A public meeting voted to hold onto the lease. That’s when Michael says he “got catapulted in as chairman.” Today, it is Europe’s biggest and most successful urban farm project, largely thanks to volunteers like the Barracloughs.

Now they are adding heritage with a genuine ack-ack gun. Jenny is ready to film its restoration, perhaps for another documentary.

It is a far cry from the early days when she joined ITN as the only woman reporter in 1963.

“They thought women reporters should only cover fashion and flower shows—never real news like strikes and revolutions, international politics that I wanted to cover.”

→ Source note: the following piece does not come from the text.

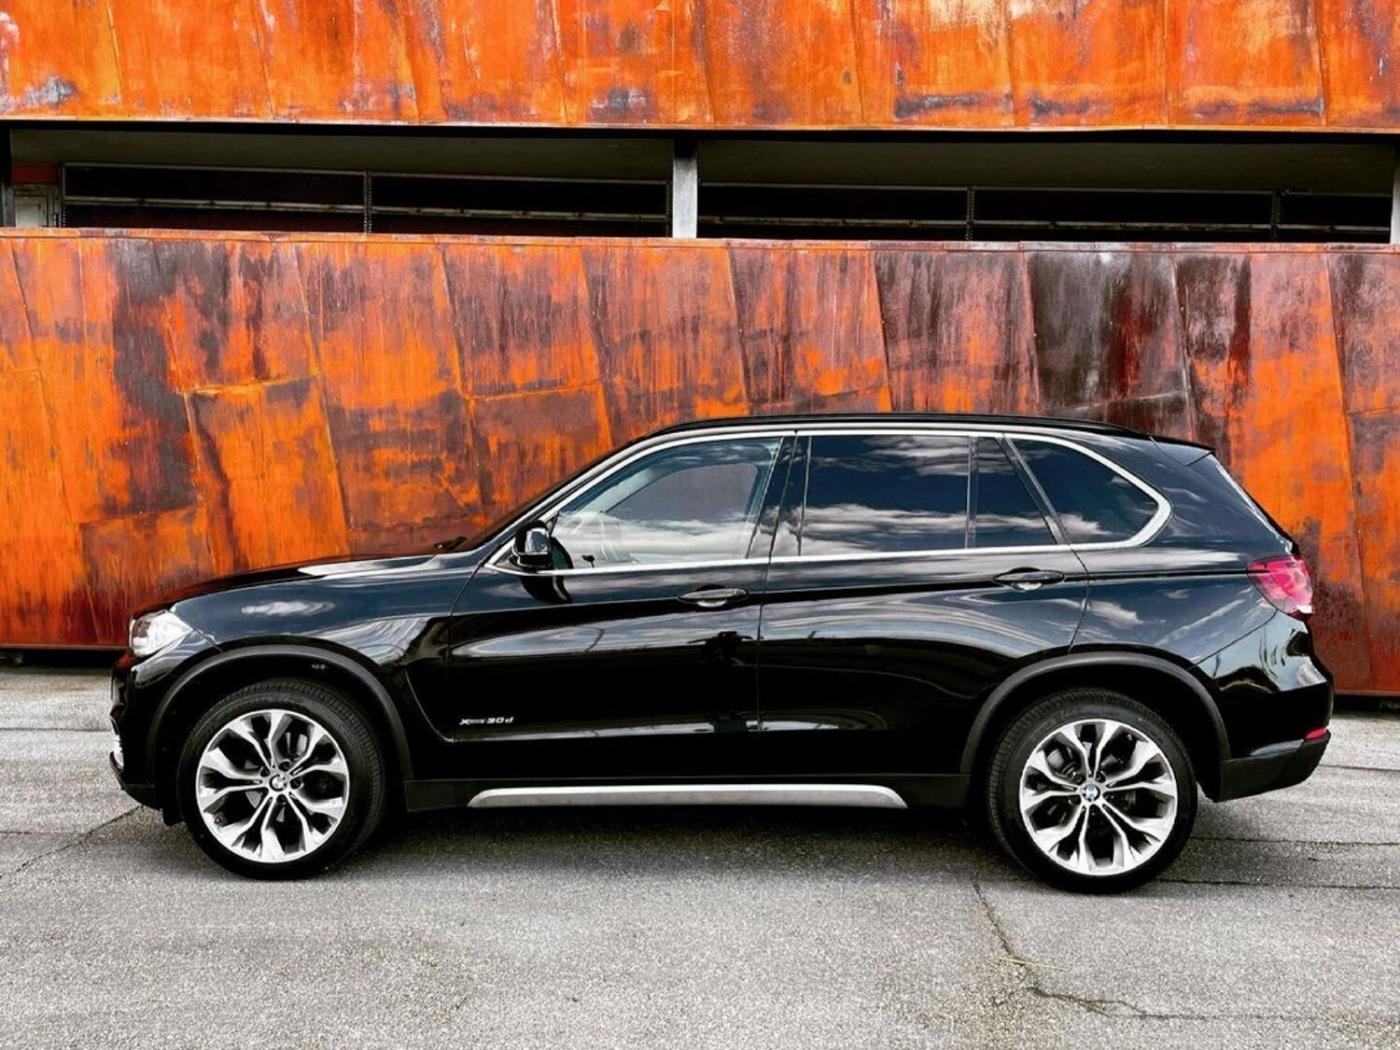 BMW-X5F15-ToutsurlAdBlue-6.jpeg

She got her break joining Granada TV’s World in Action in 1964 as a producer, then went on to Rediffusion’s This Week and later joined BBC’s Man Alive where the first of many awards started rolling in.

Jenny made the ground-breaking ‘Gale is Dead’ in 1971, the tragic story of a girl from a children’s home who ended up a drug addict on the streets who died at 19. It won her a BAFTA, International Critics and Catholic Church’s Jury awards. Another 12 awards have followed in the years since.

“I have more or less stopped making films,” she says. “But there are always more things like Mudchute—so it never really stops.”

The Islanders have an accomplished international film-maker in their midst. They’ve got used to it. They know they could be on camera any moment.